→ **Directions**: The following data is to be repeated exactly, its pictures excluded.

→ **Dataset extract**:

********

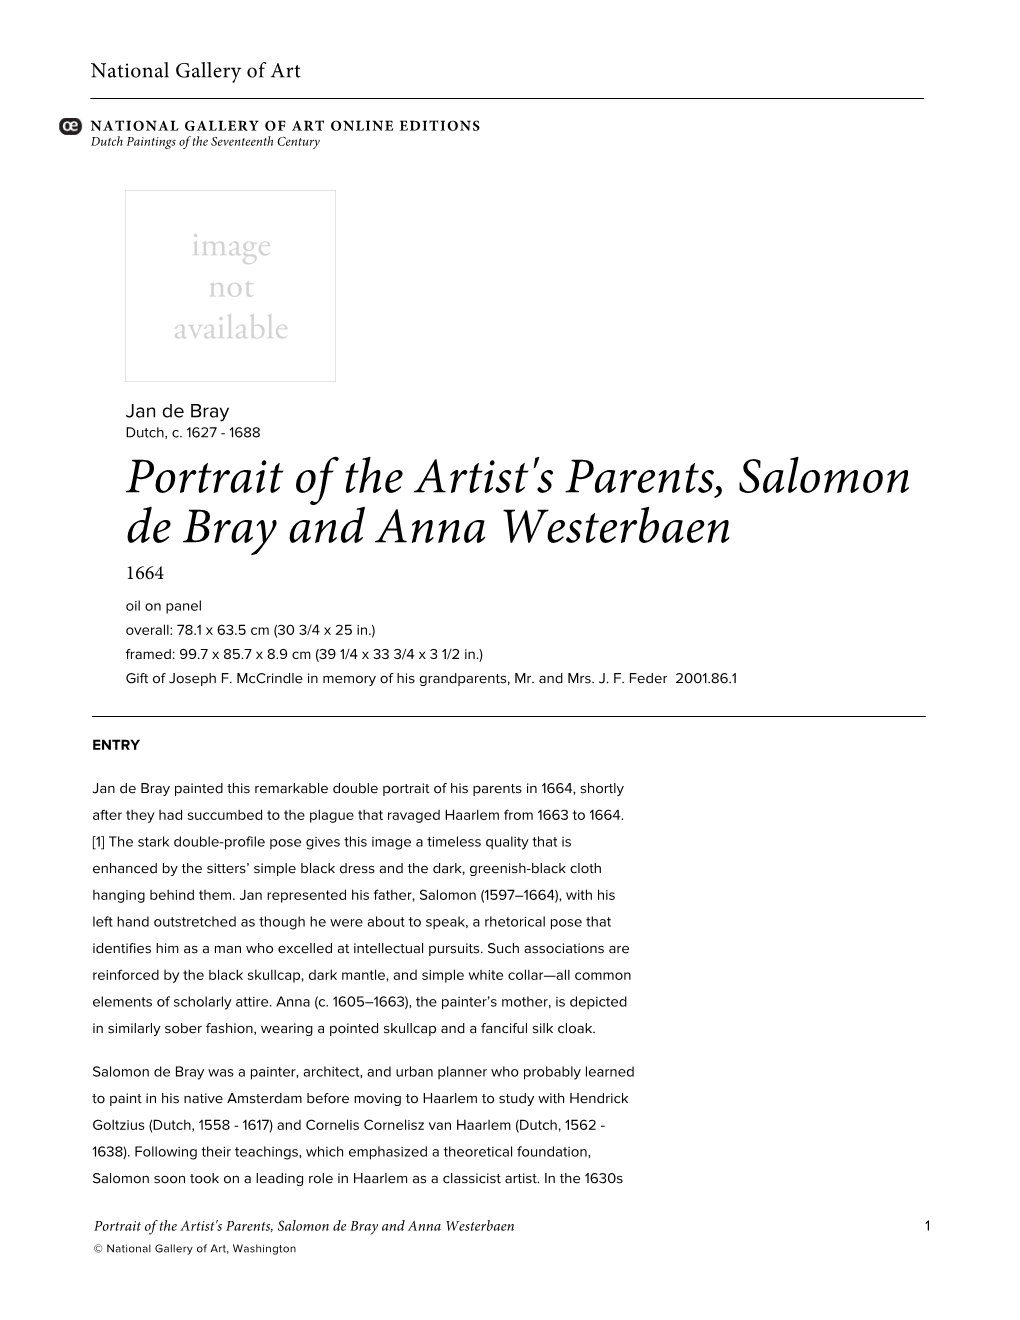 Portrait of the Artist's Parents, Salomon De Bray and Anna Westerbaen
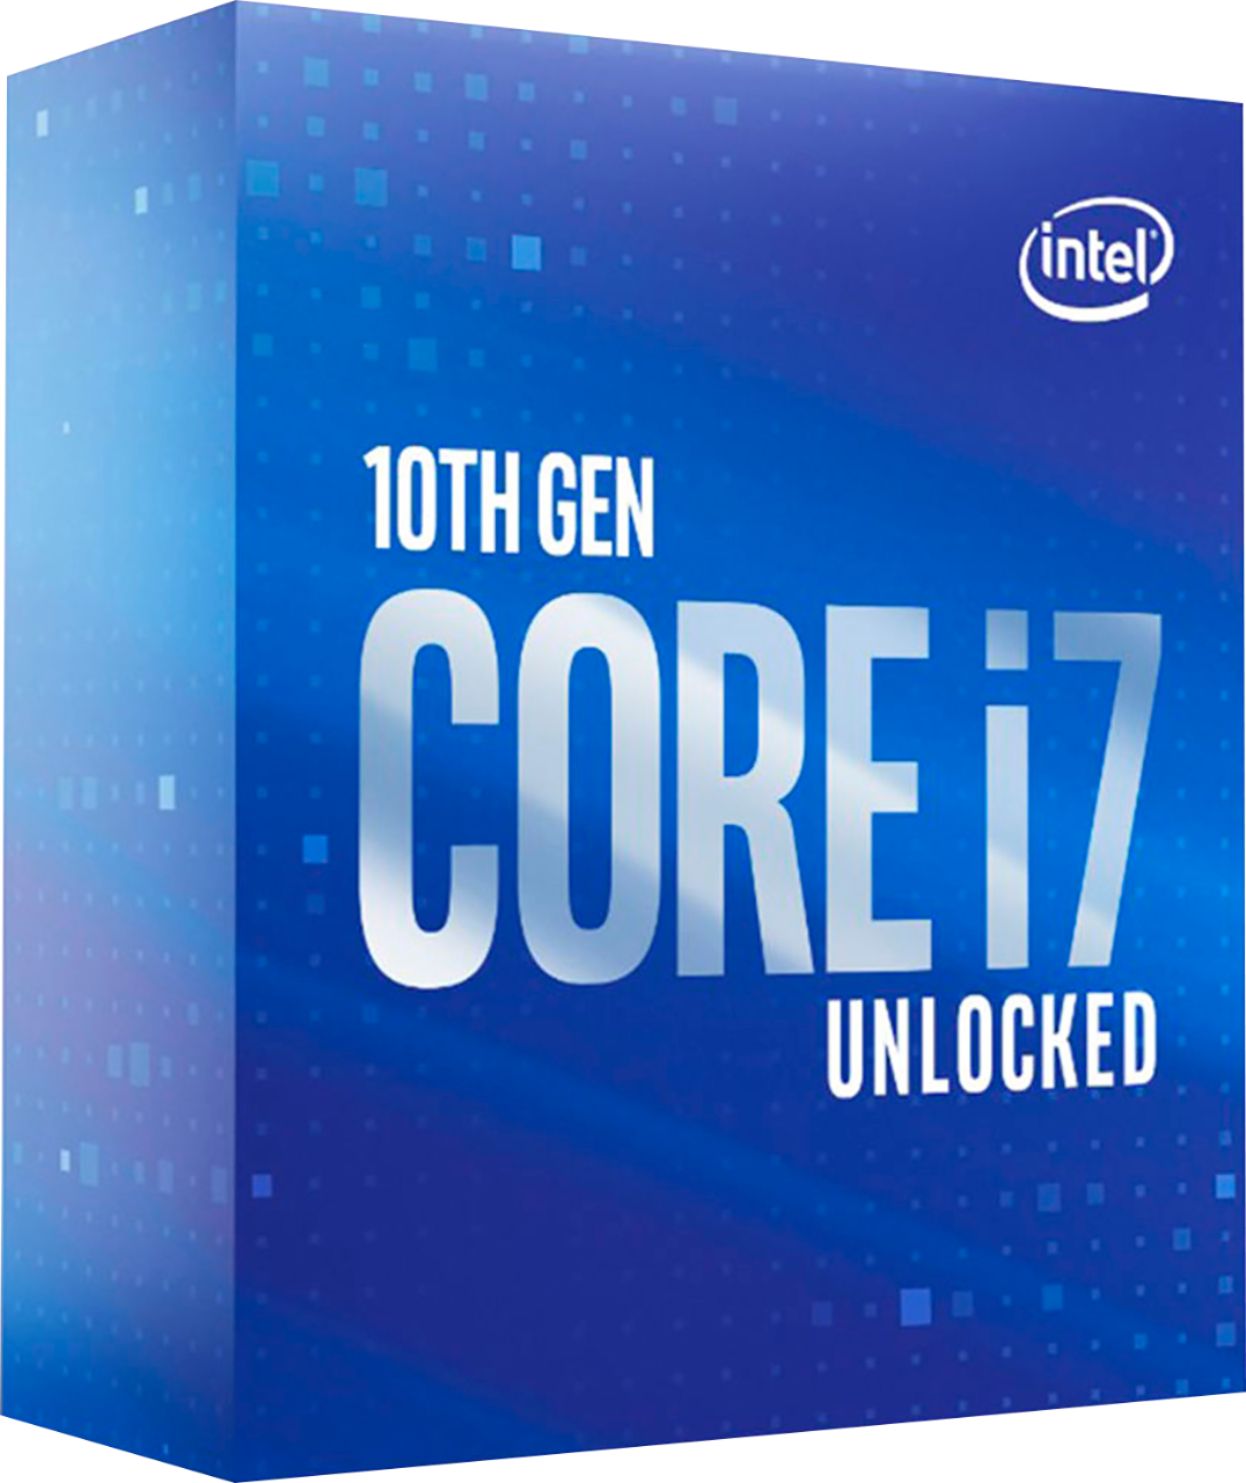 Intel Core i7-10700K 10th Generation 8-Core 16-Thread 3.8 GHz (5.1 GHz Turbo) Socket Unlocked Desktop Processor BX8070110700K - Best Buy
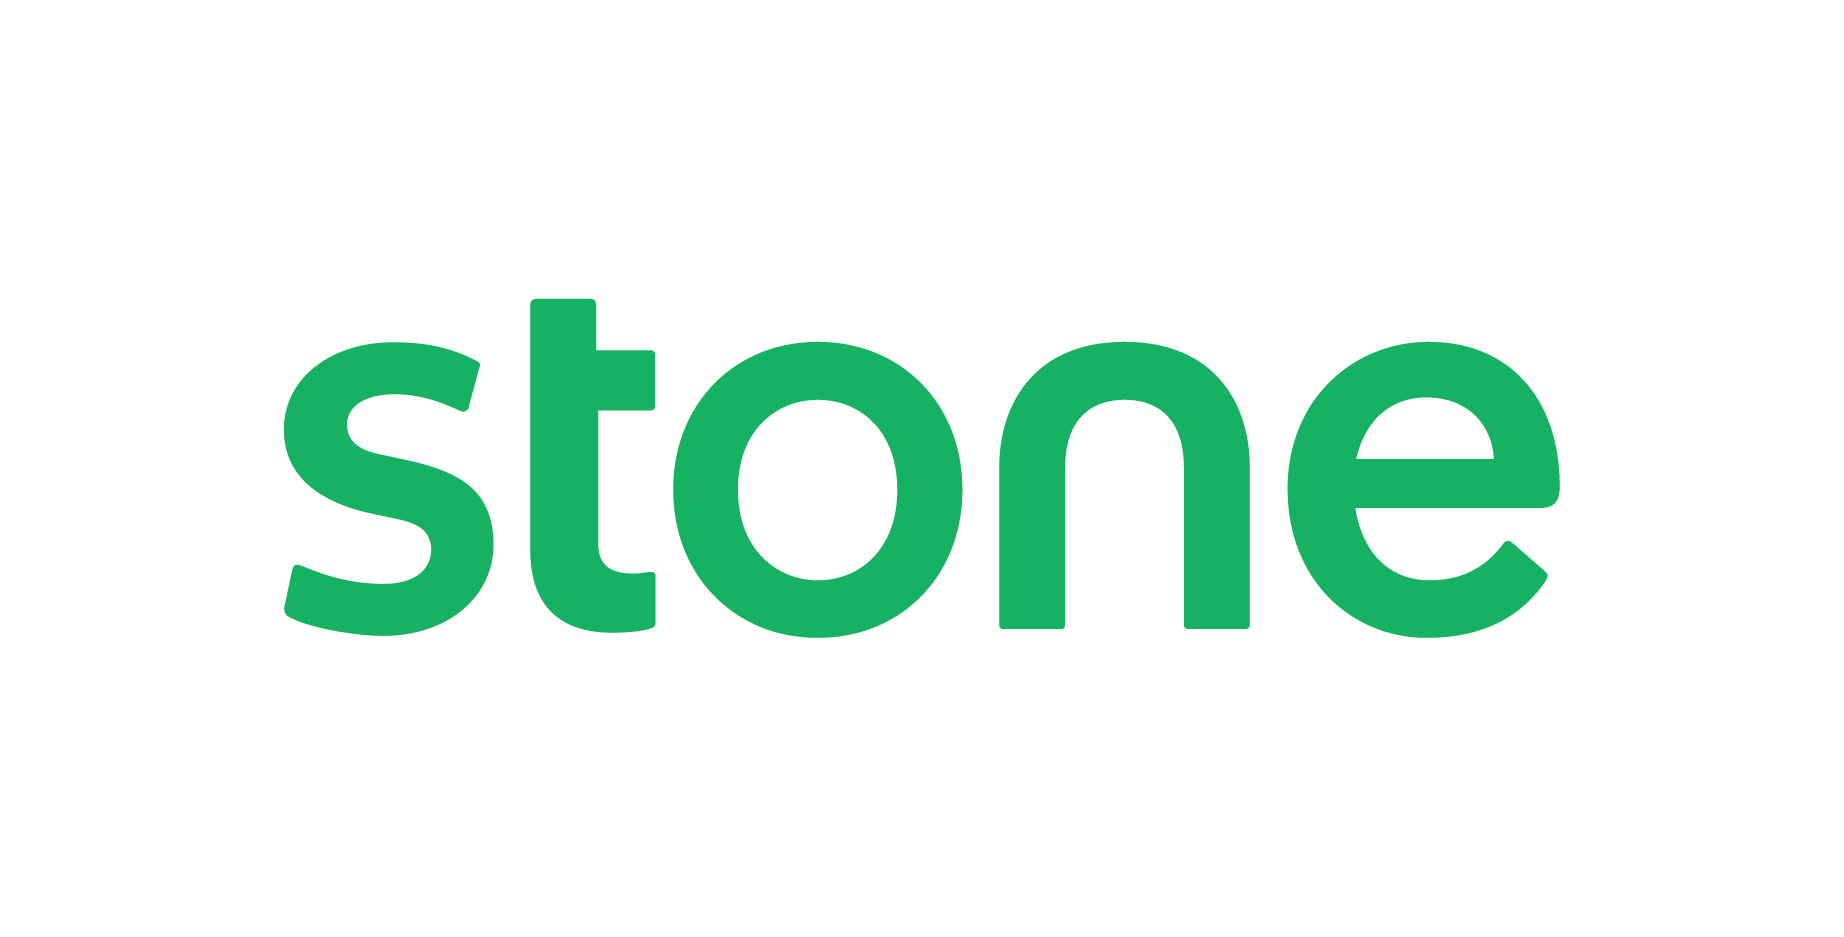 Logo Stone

********

→ **Result of the task**:
 Portrait of the Artist's Parents, Salomon De Bray and Anna Westerbaen
 Intel Core i7-10700K 10th Generation 8-Core 16-Thread 3.8 GHz (5.1 GHz Turbo) Socket Unlocked Desktop Processor BX8070110700K - Best Buy
 Logo Stone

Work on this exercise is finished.